SciPy 0.6.0 API Documentation Generated by Endo, 2007-10-17

Class SciPy.​maxentropy.​maxentropy.​conditionalmodel

A conditional maximum-entropy (exponential-form) model p(x|w) on a
discrete sample space.  This is useful for classification problems:
given the context w, what is the probability of each class x?

The form of such a model is

    p(x | w) = exp(theta . f(w, x)) / Z(w; theta)

where Z(w; theta) is a normalization term equal to

    Z(w; theta) = sum_x exp(theta . f(w, x)).

The sum is over all classes x in the set Y, which must be supplied to
the constructor as the parameter 'samplespace'.

Such a model form arises from maximizing the entropy of a conditional
model p(x | w) subject to the constraints:

    K_i = E f_i(W, X)

where the expectation is with respect to the distribution

    q(w) p(x | w)

where q(w) is the empirical probability mass function derived from
observations of the context w in a training set.  Normally the vector
K = {K_i} of expectations is set equal to the expectation of f_i(w,
x) with respect to the empirical distribution.

This method minimizes the Lagrangian dual L of the entropy, which is
defined for conditional models as

    L(theta) = sum_w q(w) log Z(w; theta) 
               - sum_{w,x} q(w,x) [theta . f(w,x)] 

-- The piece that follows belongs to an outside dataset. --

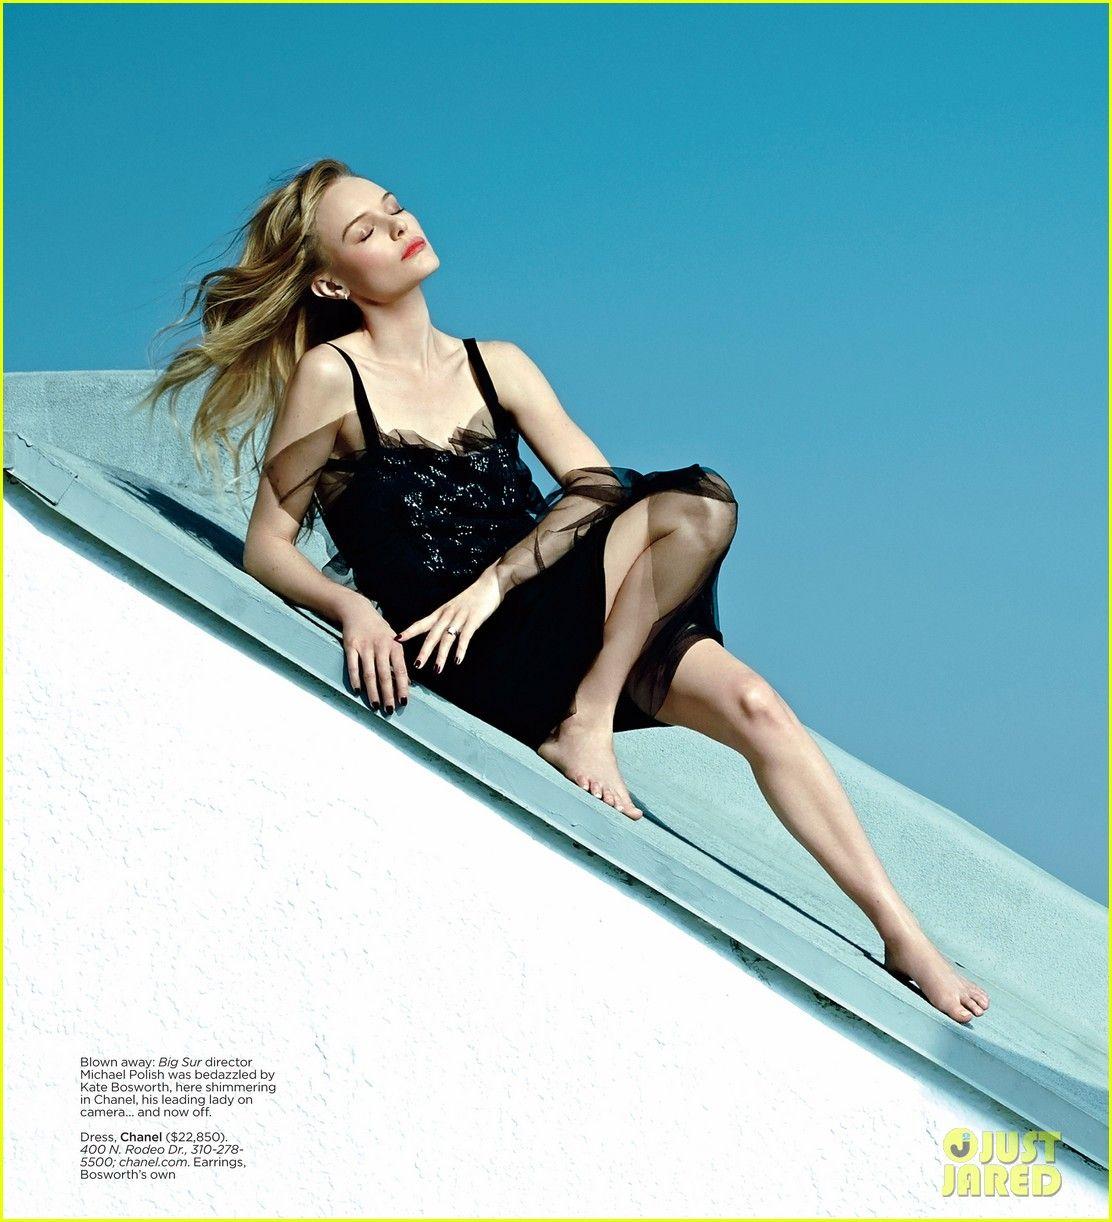 Alessandra ambrosio boob slip on a photo shoot in malibu - 2019 year

Note that both sums are only over the training set {w,x}, not the
entire sample space, since q(w,x) = 0 for all w,x not in the training
set.

The partial derivatives of L are:
    dL / dtheta_i = K_i - E f_i(X, Y)
where the expectation is as defined above.

Contents:
• Base classes
• Attributes
• Methods

Inherits from

• model: SciPy.maxentropy.maxentropy.model

Attributes

Method summary

• __init__(self, F, counts, numcontexts)
• dual(self, params = None, ignorepenalty = False)
• expectations(self)
• fit(self, algorithm = 'CG')
• lognormconst(self)
• logpmf(self)

Methods

• __init__(self, F, counts, numcontexts)

  The F parameter should be a (sparse) m x size matrix, where m
  is the number of features and size is |W| * |X|, where |W| is the
  number of contexts and |X| is the number of elements X in the
  sample space.
  
  The 'counts' parameter should be a row vector stored as a (1 x
  |W|*|X|) sparse matrix, whose element i*|W|+j is the number of
  occurrences of x_j in context w_i in the training set.
   
  This storage format allows efficient multiplication over all
  contexts in one operation.
  

• dual(self, params = None, ignorepenalty = False)

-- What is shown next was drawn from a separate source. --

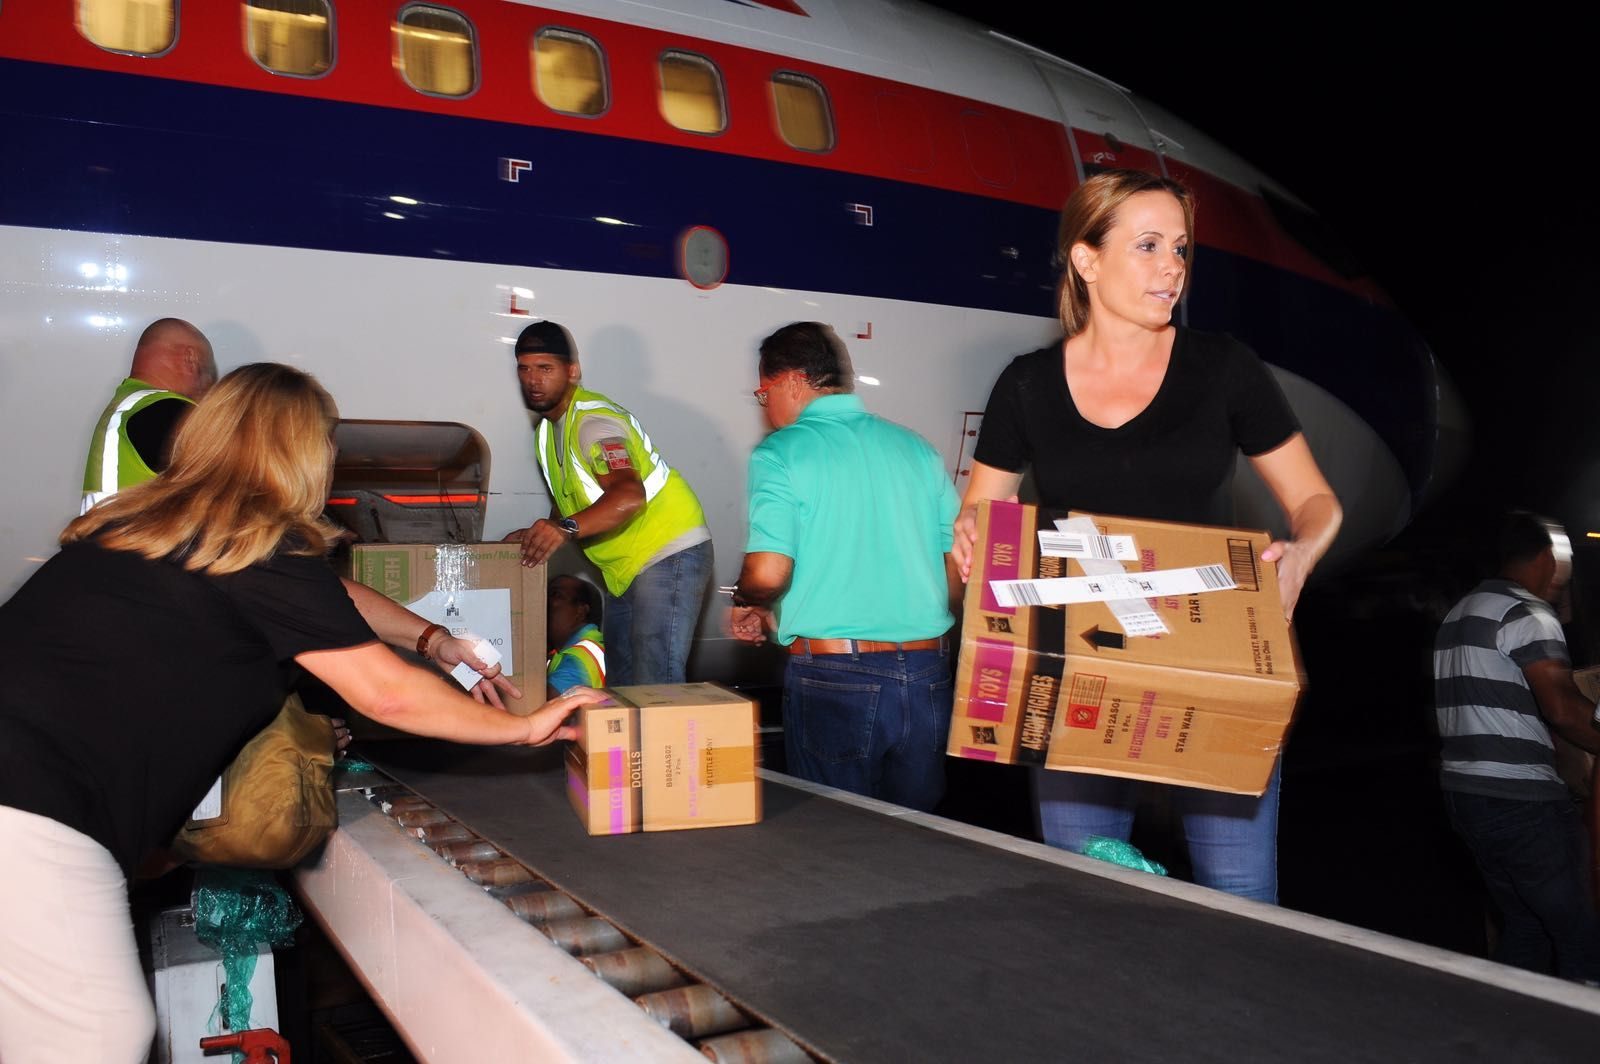 Fotografia Natalia Denegri entrega ayuda humanitaria en Puerto Rico

  The entropy dual function is defined for conditional models as

  L(theta) = sum_w q(w) log Z(w; theta)

  • sum_{w,x} q(w,x) [theta . f(w,x)]

  or equivalently as

  L(theta) = sum_w q(w) log Z(w; theta) - (theta . k)

  where K_i = sum_{w, x} q(w, x) f_i(w, x), and where q(w) is the empirical probability mass function derived from observations of the context w in a training set. Normally q(w, x) will be 1, unless the same class label is assigned to the same context more than once.

  Note that both sums are only over the training set {w,x}, not the entire sample space, since q(w,x) = 0 for all w,x not in the training set.

  The entropy dual function is proportional to the negative log likelihood.

  Compare to the entropy dual of an unconditional model:

  L(theta) = log(Z) - theta^T . K

• expectations(self)

  The vector of expectations of the features with respect to the distribution p_tilde(w) p(x | w), where p_tilde(w) is the empirical probability mass function value stored as self.p_tilde_context[w].

• fit(self, algorithm = 'CG')

  Fits the conditional maximum entropy model subject to the constraints

  sum_{w, x} p_tilde(w) p(x | w) f_i(w, x) = k_i

  for i=1,...,m, where k_i is the empirical expectation

  k_i = sum_{w, x} p_tilde(w, x) f_i(w, x).

• lognormconst(self)

  Compute the elementwise log of the normalization constant (partition function) Z(w)=sum_{y in Y(w)} exp(theta . f(w, y)). The sample space must be discrete and finite. This is a vector with one element for each context w.

• logpmf(self)

  Returns a (sparse) row vector of logarithms of the conditional probability mass function (pmf) values p(x | c) for all pairs (c, x), where c are contexts and x are points in the sample space. The order of these is log p(x | c) = logpmf()[c * numsamplepoints + x].